東郷との対決が繰り越されたまま迎えた二度目の関東大会。前回とは顔ぶれもかなり変わった。前年の大会は対戦投手の多くに(強引ながらも)柔道時代の過去キャラを利用することで山田との因縁及びそこから生まれるドラマを演出していましたが、今回は小林をのぞけば山田(たち明訓ナイン)と何ら繋がりのない人間ばかりのため、まずそこで一つ興が乗らなかったような気がします。あからさまに病気持ちの平手とかいきなり窓から飛び降りてみせてチームメイトの度肝を抜き「あいつはやっぱり人間じゃない」「ケタがちがうぜすべてにおいて」と評された(窓から飛び降りたくらいで?)一合とか、意味ありげに出てきたキャラの忘れ去られ方がハンパないです。

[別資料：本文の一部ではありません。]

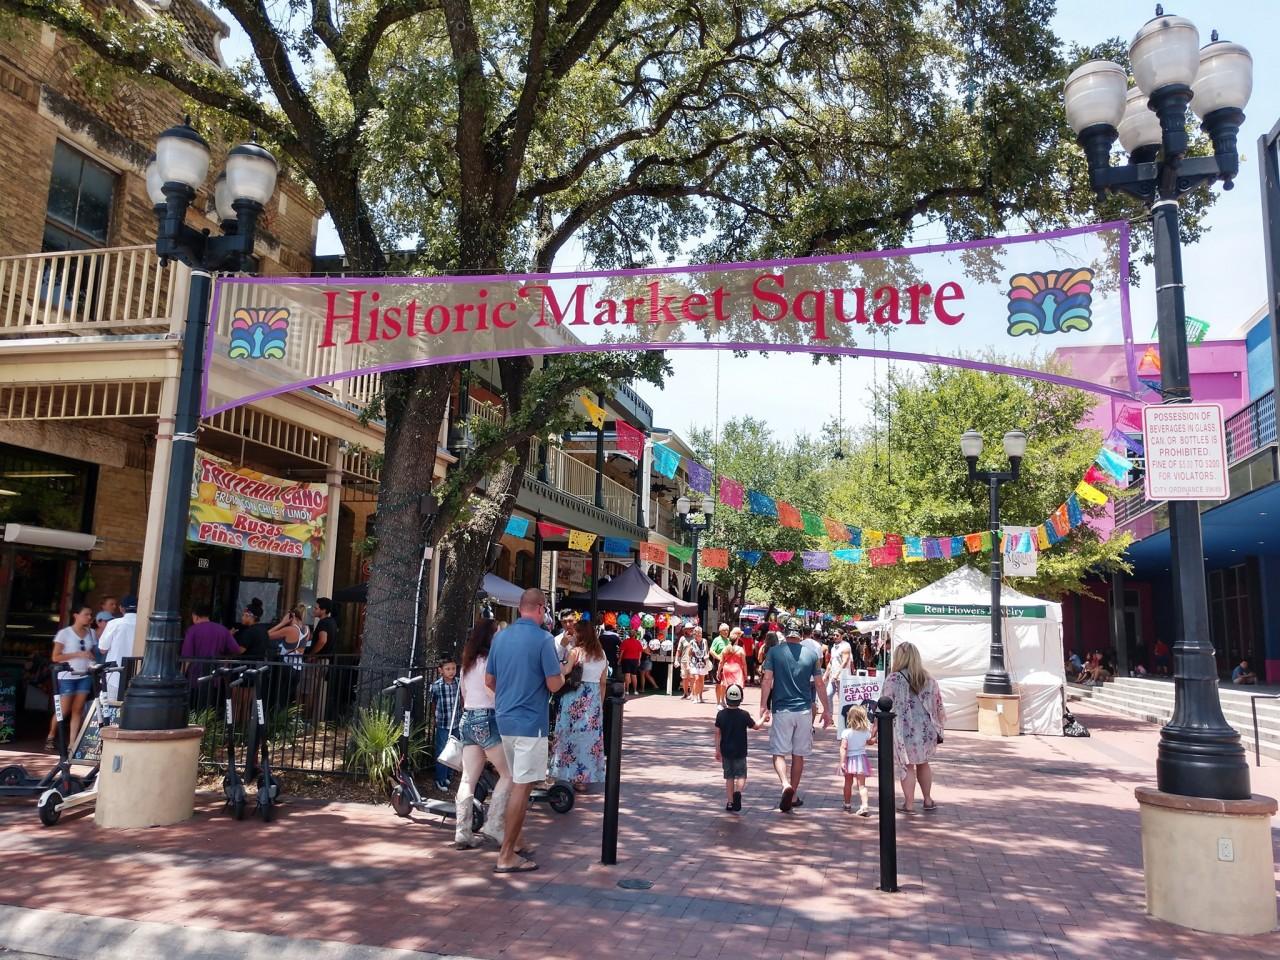 Historic Market Square(ヒストリック・マーケット・スクエア)

しかし全体にキャラが弱い代わりに、この大会ではチームに特色を出してきた。まずこの中山畜産は、一代で会社を築いた、今で言うベンチャー企業のオーナーが監督を務め、監督一流の組織論や人材を見出す目がチームの屋台骨となっています(しかし会社の名前が「中山農機」で、トラクター、地ならしといった農業関連の単語がたびたび出てくることからすると明らかに農作機械を扱う会社なんだろうに、学校は畜産高校って?)

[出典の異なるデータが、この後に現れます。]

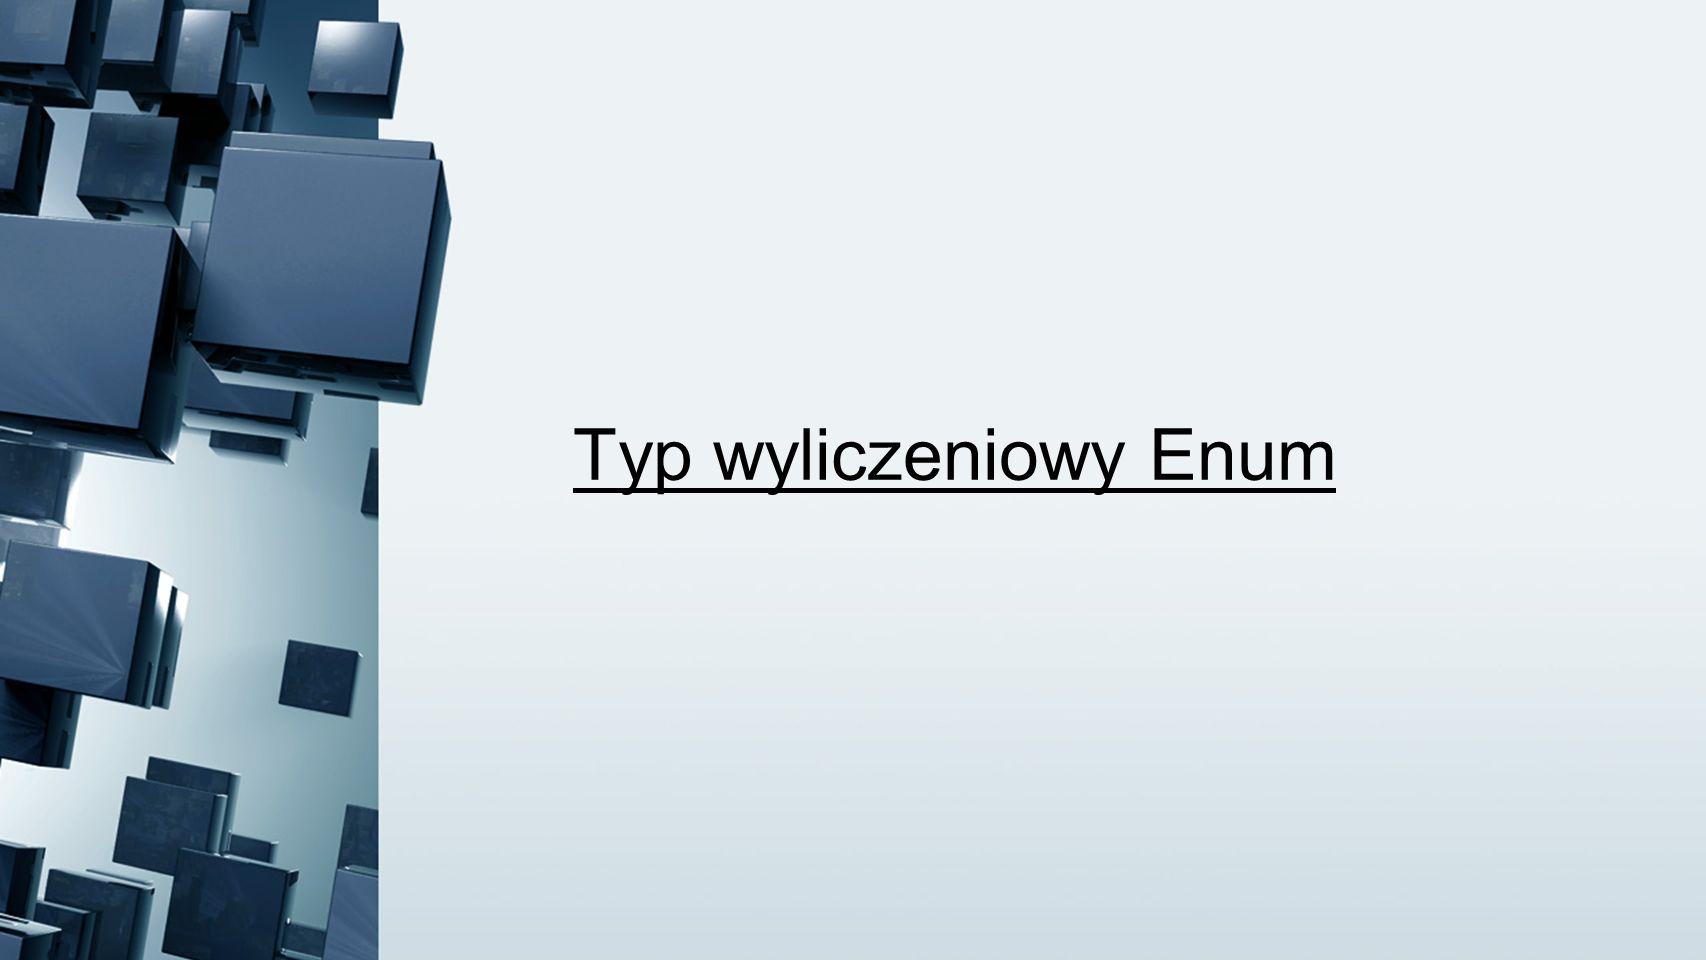 Typ wyliczeniowy Enum

新設校で学校の名を上げるために甲子園を目指すあたりは前年のクリーンハイスクールに通じるものがありますが、実業家目線で物事を見る監督の押しの強いキャラクター、なぜかベンチ要員な正捕手豊臣、秋季大会で山田に次ぐ打率を上げながらも実はそれがミスプリだった山嵐など、野球の常道を離れた、あるいは謎めいた行動の連続で読者の注意をひきつけます。特に山嵐の打率間違いに関しては、運営側のミスが原因で攻め方のプランを誤るという形で『ドカベン』らしい読みと駆け引きが久々に前面に出ていたのが嬉しかったし、また「打率のミスプリ」というちょっと想像しないような(しかしありえないことではない)ミスをきっかけに持ってきたことに上手いなあと感心したものです。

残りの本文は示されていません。